The Librarian, by government regulation, could not pay dealers for journals, books, and other publications until they reached the institution; in other words, the Librarian could not pay in advance. 14 If a European bookseller sent a bundle of journals to the Library and the journals went down with a torpedoed freighter, the seller bore the loss. Therefore sellers accumulated journals for the Library but would not ship them.

The absence of European journals delayed the preparation of many citations for the Index-Catalogue and Index Medicus. McCulloch endeavored in vain to restore the flow of Russian journals by asking the U.S. Embassy in Petrograd to help him locate a bookseller (Russian periodicals had been coming through a dealer in Leipzig, Germany). 15 He borrowed some German and Austrian journals from the Boston Medical Library and New York Academy of Medicine and from the editors of the Journal of the American Medical Association and the Boston Medical and Surgical Journal, who were still managing to procure the periodicals from Europe. 16 With these borrowed copies the Library kept somewhat up-to-date with its indexing of German and Austrian periodicals.

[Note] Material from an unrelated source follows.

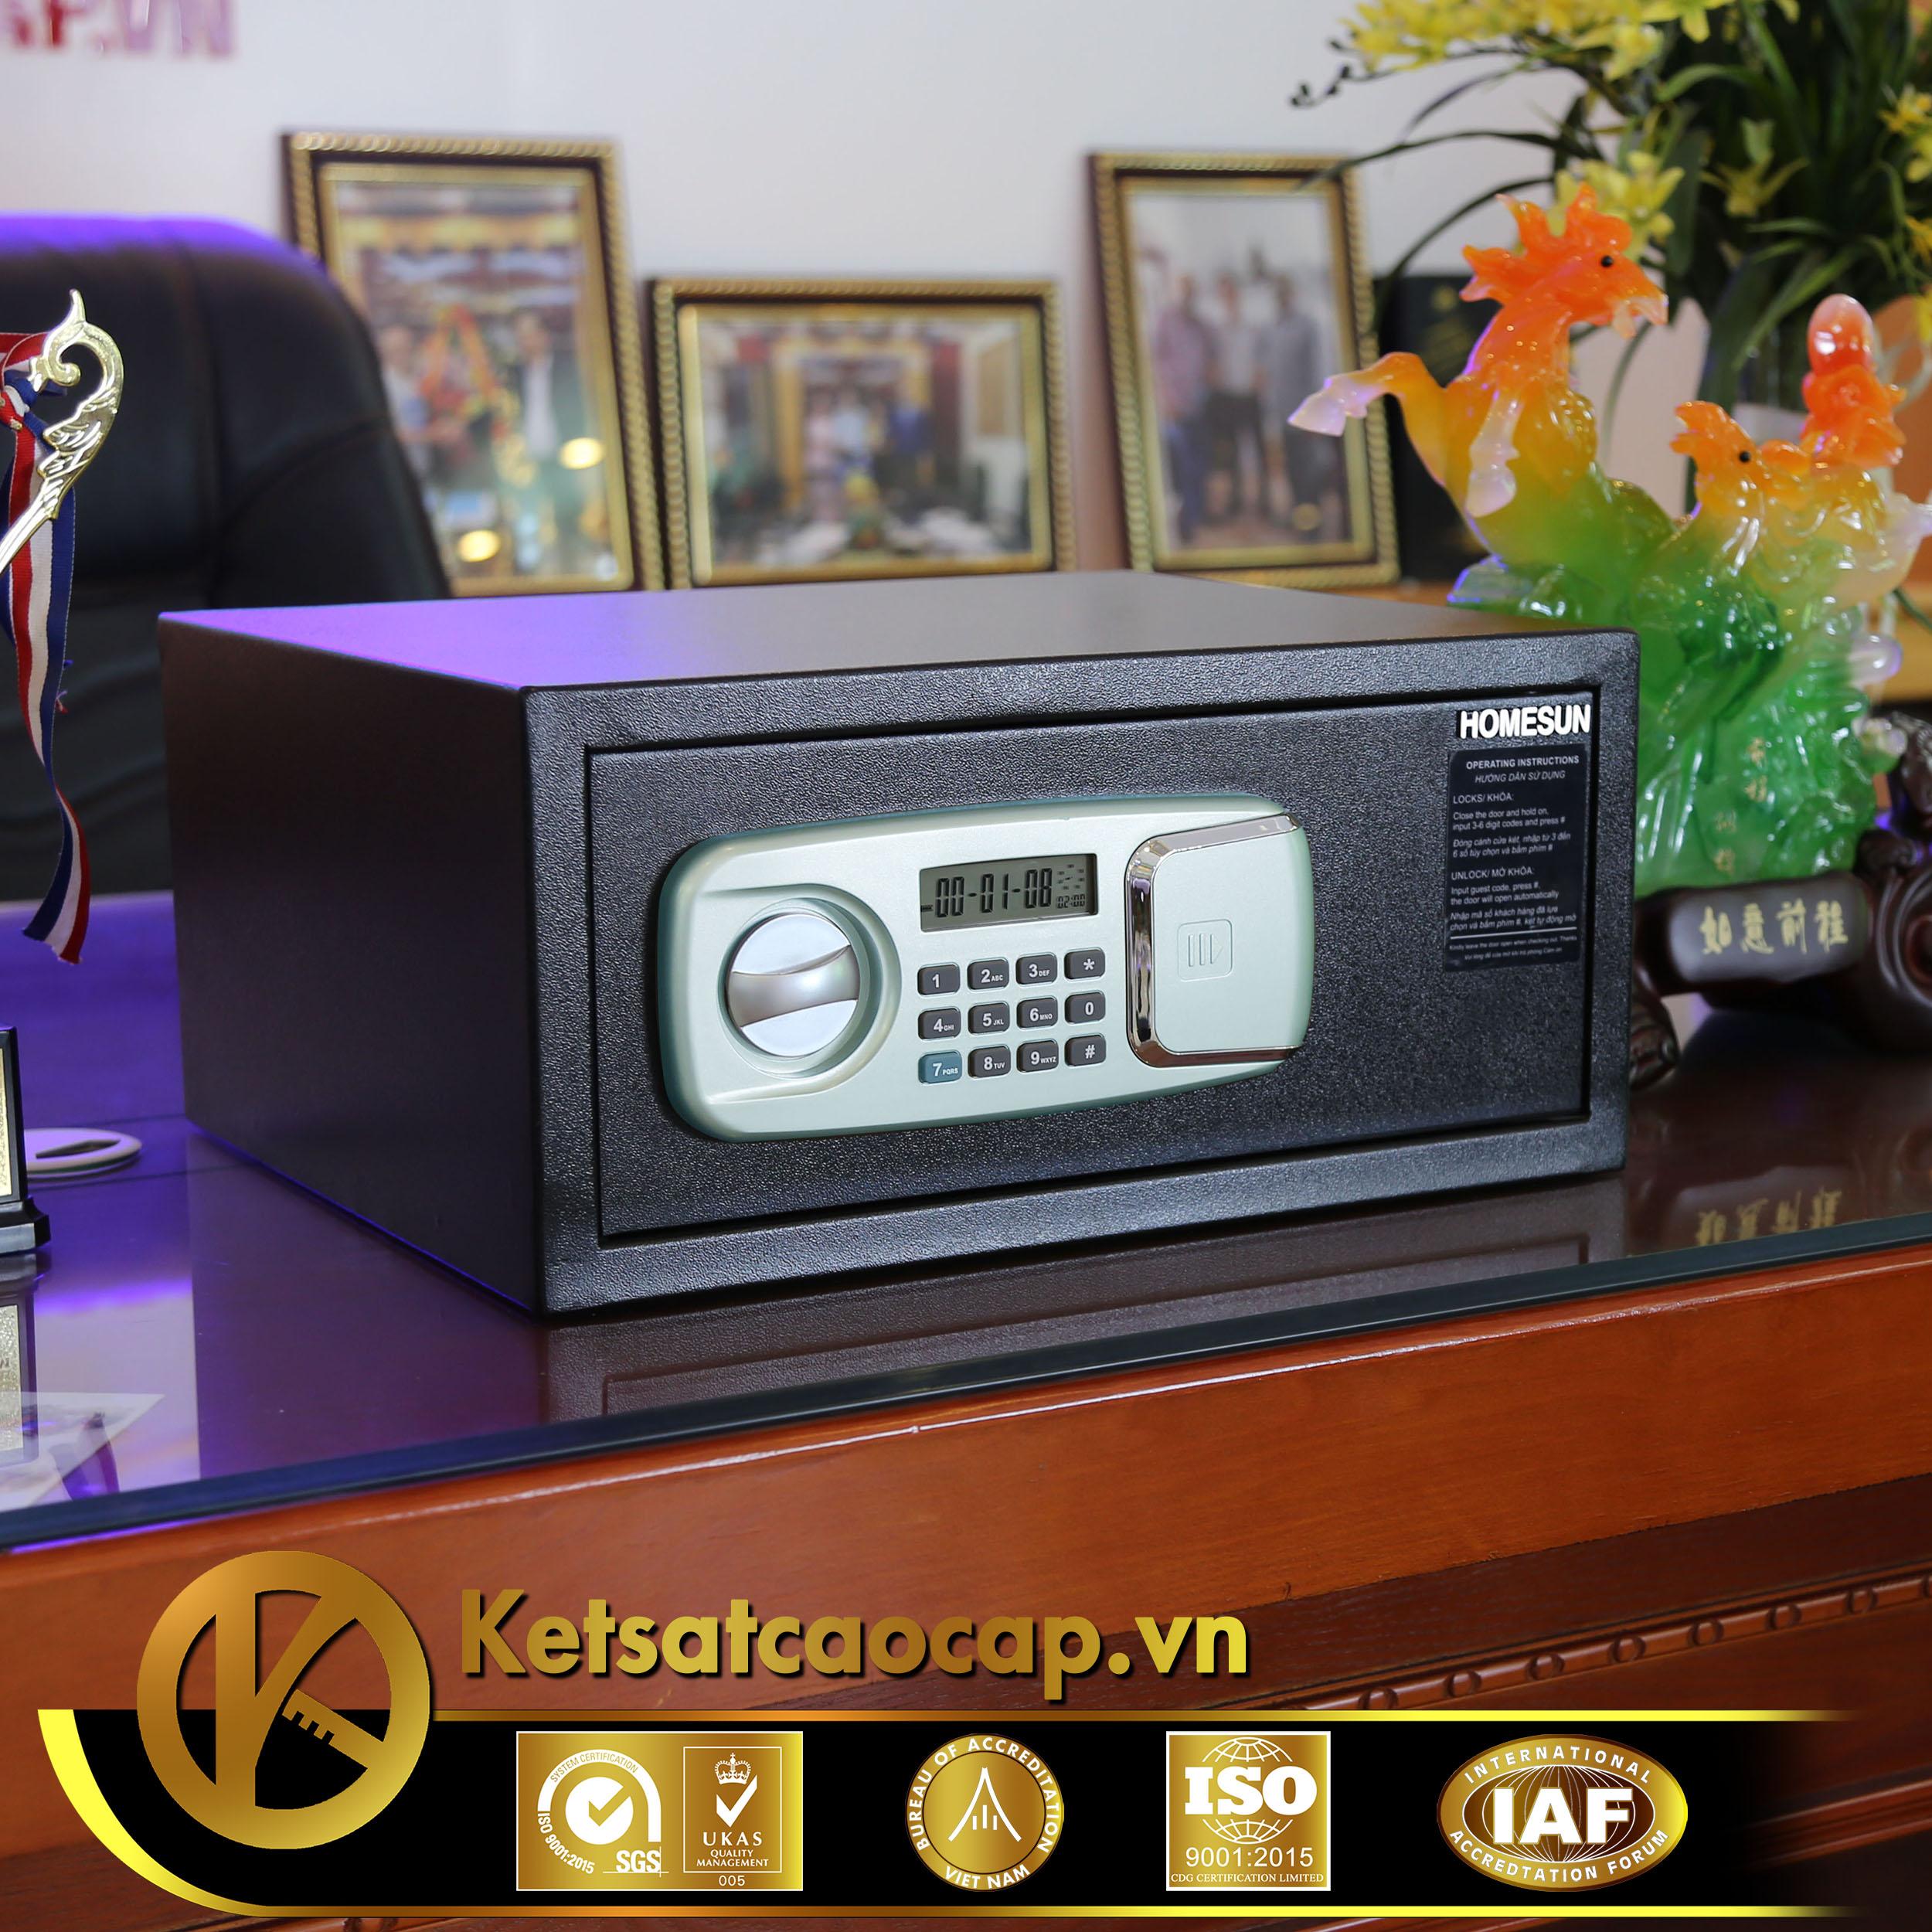 nhà cung cấp ket sat khach san cao cap Phu Quoc WELKO Hotel Safe

In Europe hundreds and finally thousands of dollars of the bookseller's capital was tied up in bundles of journals that gathered dust. It became apparent that after the war a large quantity of journals from Germany and Austria, and a lesser quantity from France, Switzerland, Italy, Portugal, Spain, and other countries would reach the Library. The Library could not put aside money to pay the sellers because, by law, an appropriation that was not spent within a certain time reverted to the Treasury. Congress rescued the Library from its dilemma by doubling the usual appropriation to $20,000 for the fiscal year ending June 1919 and again for 1920. The larger appropriation would also permit the purchase of rare works that might be offered for sale at comparatively low prices after the war, plus publications of the 1914-1918 period that were expected to be higher in price because of inflation.

After the fighting ceased the channels of communication opened rapidly, and during 1919 practically all of the missing periodicals from Germany, Austria, and a few other countries arrived. The Library was still unable to locate a bookseller in Russia, and gaps remained in the serials of that country.17

With European books and pamphlets the situation was different. Routine ordering procedures had been disrupted. The Library had not ordered books published in enemy countries. Dealers had not accumulated books for the institution, as they had journals. In 1919 the Library had begun purchasing from Europe, but many of the volumes had been printed in small editions because of wartime conditions and were no longer available. The Library was unable to acquire as many works published between 1914 and 1918 as it desired.